Background On Lending Club
Lending Club is one of a few companies left standing in the peer-to-peer lending space. The SEC shook up this industry starting in 2007 and most of the players took their marbles and went home at that time. But Lending Club survived and thrived. Their model of putting individual borrowers and lenders together evolved into a billion dollar industry and they are the undisputed leader of the pack.
LC has gone big time. Their board of directors is full of big shots like former U.S. Secretary of Treasury Lawrence H Summers and other high achievers from the financial world. They also have an impressive list of investors. But the media really sat up and took notice when Google (GOOG) plunked down their $125 million to buy a piece of the action. When they made that move, it automatically tripled the value of Lending Club (in about a year) to over $1.5 billion. That’s nice for Lending Club and it may turn out to be a good investment for Google. But here’s why it’s not such a huge deal.
1. The Money
It’s true that for some people $125 million might be considered a lot of money, but not for Google. Look at Google’s balance sheet for 2012. They have close to $15 billion in cash and $60 billion in current assets. This $125 million investment represents less than 1% of its cash for crying out loud.
And you can see that total current assets have exploded by over $10 billion a year for each of the last couple years. Google added $125 million to its balance sheet in less than 20 days. In other words, if the value of their Lending Club investment goes to zero, they can make it up in about 3 weeks.
2. The Investment
Just as you make your investments as part of a strategic plan, Google’s move must be understood in context. The investment division of Google (Google Ventures) has gone deep and wide into peer-to-peer everything idea. They believe, and they are probably right, that large centralized businesses are going to be run out of town by the internet that can put sources and users together faster and cheaper.In the last year, Google Ventures bought into six other crowd-based businesses such as CutomMade, Luminate, Trada, Rockbot,Smarterer and Space Monkey. Nobody is investing in crowd based businesses like Google is.
Each of these companies do different things and the range is rather diverse. They cover jewelry, furniture, online publishing, SEO, music and a learning company.
These moves could signal that Google wants to become Sears/Wal-Mart/Amazon/Apple/Craigslist/Citi all rolled up together. But I doubt it. It’s more likely that Google made these investments as a way to make a few shekels before these companies go public.
Its investment in Lending Club is no different. LC is profitable and growing like crazy. Google is taking advantage of a good investment opportunity – why not?

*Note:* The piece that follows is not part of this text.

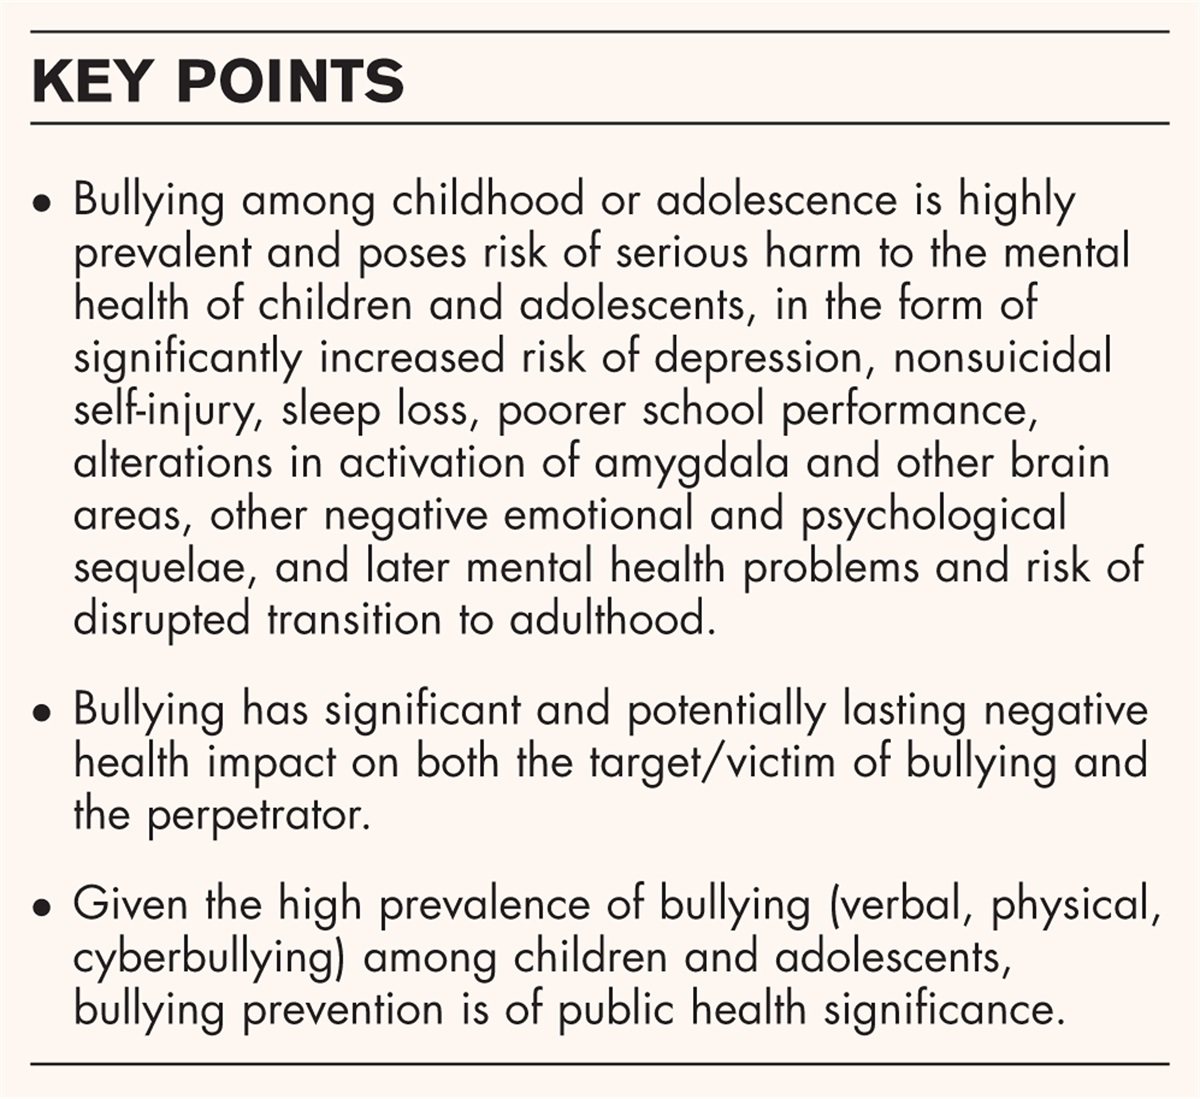 The impact of bullying in childhood and adolescence

What this means for Lending Club
It means nothing right now. Lending Club looks solid. They are a legitimate company and doing a lot of things right. Google’s investment reflects what the market already knows. It doesn’t change anything.
Down the line, Google could impact Lending Club’s direction as a significant shareholder. And Lending Club’s future isn’t certain either. Things look good now but things change. Remember Blockbuster and Sprint? They failed to change with the market and got smacked pretty good. There is no guarantee that the same thing won’t happen to Lending Club. If you are in business, there is always risk. But for borrowers and lenders right now, it’s business as usual.
Do you think Google’s investment is more significant? Why or why not?